1. Schedule face time. This is crucial. Fortunately, most bridal retailers work hard at connecting with customers.
    “We really try to make sure all staff members remember they are not just selling a dress,” says Celina Vasquez, general manager of The Bridal Connection in Ankeny, Iowa, and Impress Bridal in Newton, Iowa.
    These two stores do use technology as a base for connecting with their customers. However, it’s used to enhance, not replace, the shopping experience. Before a bride comes to the store, an employee asks for her Pinterest link so the appointment can be completely tailored to her.
    “We then sit down and talk to her and ask about her wedding so we can share her vision and get an idea for style and what she’s after,” Vasquez says. “You can see that better when she’s there and you’re watching her face.”
    They don’t stop there. Employees also gather details on where the bride is getting married, so they have a better overall picture of her and not just her wedding day.
    “It gives her the belief that this is about her and it’s her day; it’s not about what we want,” Vasquez explains.
    Not surprisingly, this first appointment lasts for two hours. This extended getting-to-know-you is helpful later on in the process, too.
    “When a bride’s standing there and has two favorite dresses and you can paint her a picture and say ‘Remember when you told me. . .’ we’re reminding her at the end what’s important to her and wouldn’t have been able to do that if we’d not spent that time upfront with her,” Vasquez says.
    This is different from how it used to be at the stores Vasquez runs. That first meeting used to be a very structured process with a form brides filled in.
    “It was more like an interview, so we decided to take a step back and ask what the bride would remember when she left this shop,” Vasquez says.
    Indeed, face-to-face interaction is still a make-or-break opportunity for bridal retailers, says Steve Smith, partner at Firehouse, an advertising agency in Dallas.
    “And making the most of it is all about old-fashioned customer service,” Smith says. “Make each interaction as personal as appropriate, and as experiential as possible. [For a bride], planning her event should be as enjoyable as the event itself. Think of the little extras that can make your time with your customer feel special, eventful and joyous.”
    And it all starts with how the bride is greeted.
    “A warm welcome is the beginning of an emotional connection with customers,” says Steve Rigell, CEO of Preemptis, Inc., a consulting firm in Poulsbo, Wash. “That’s because we need to realize business is based on relationships; it’s where an emotional connection takes place.”

2. The importance of employees.

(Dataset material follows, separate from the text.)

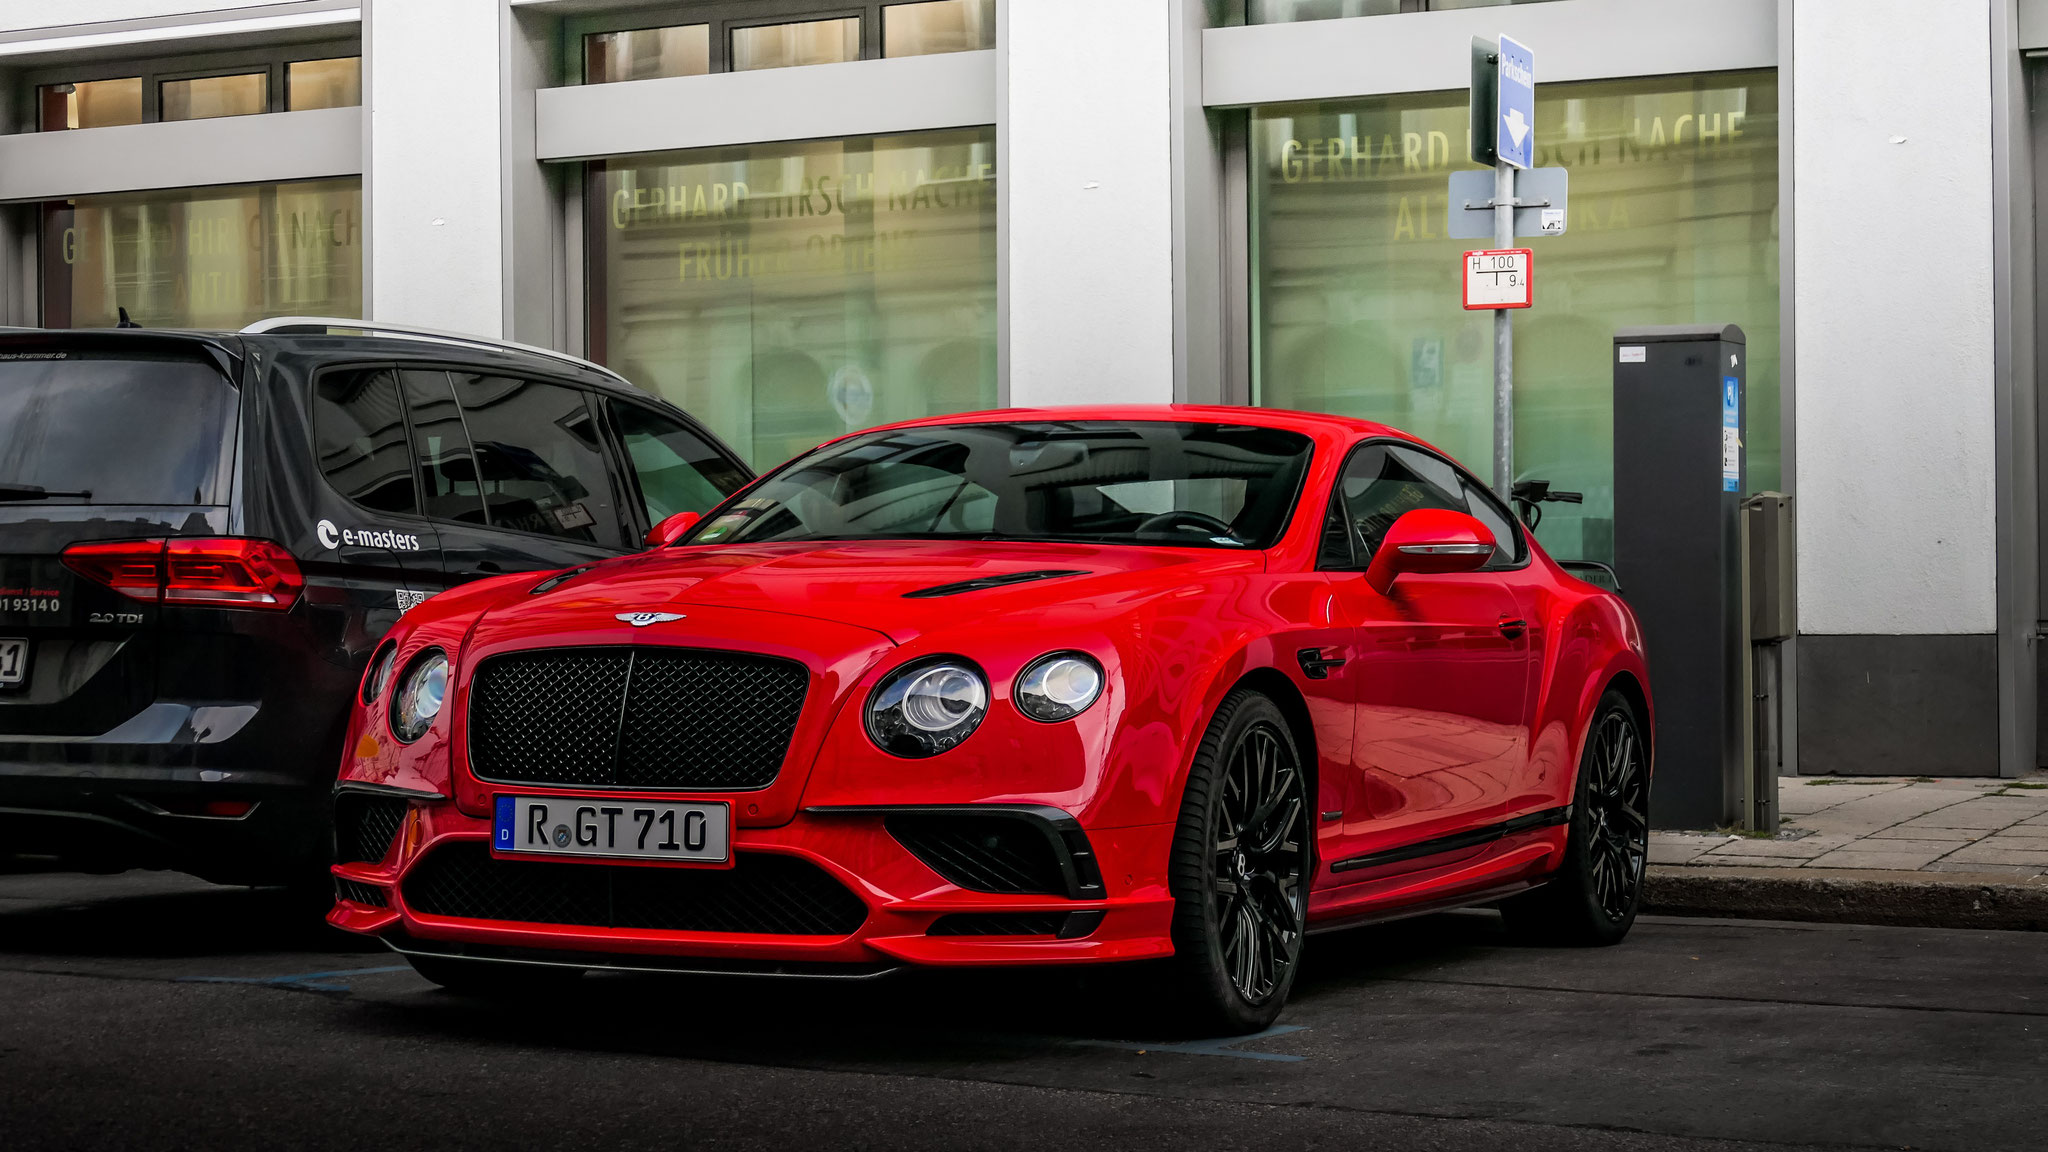 Bentley Continental GT Supersports - R-GT710

Having the right employees will take any bridal store a long way toward personally connecting with customers.
    Vasquez tries to have the same stylist work with brides from day one until their wedding day. And if that’s impossible, it’s Vasquez herself who fills in “because they’ve seen me through each step of their process and are familiar with me.”
    In fact, because of this, Vasquez tries to remain very visible to all customers.
    But the connection starts earlier than that – it starts with hiring.
    “You can’t successfully fake your way through a bridal experience,” Vasquez says. “It’s not going to be genuine if you’re not going to get some satisfaction out of this. I have to hire carefully and one in three girls doesn’t make it through the first six months. My employees have to care.”
    If you’ve already hired all your employees and are not getting the most out of them, all is not lost, says Lior Arussy, CEO of Strativity, a customer- experience strategy firm in Hackensack, N.J. He suggests talking to underperforming employees and finding out why they aren’t delighting customers. Ask them what will help them do their job better, he says.
    The most important factor, however, is to be a role model.
    “If your employees see you simply sincerely telling a customer ‘Thank you for your business,’ they are likely to copy it,” he says.
    Roberta Rushing, owner of Sposabella in Feasterville, Pa., makes a deliberate attempt to draw her employees into the joy of marriage. Brides sometimes hire Rushing and her employees to be with them on their wedding day to help and bustle them.
    “It’s important for my employees to see the wedding and get involved in the emotion of it,” Rushing says.
    She’s also careful about who she hires and looks for employees with customer-service experience.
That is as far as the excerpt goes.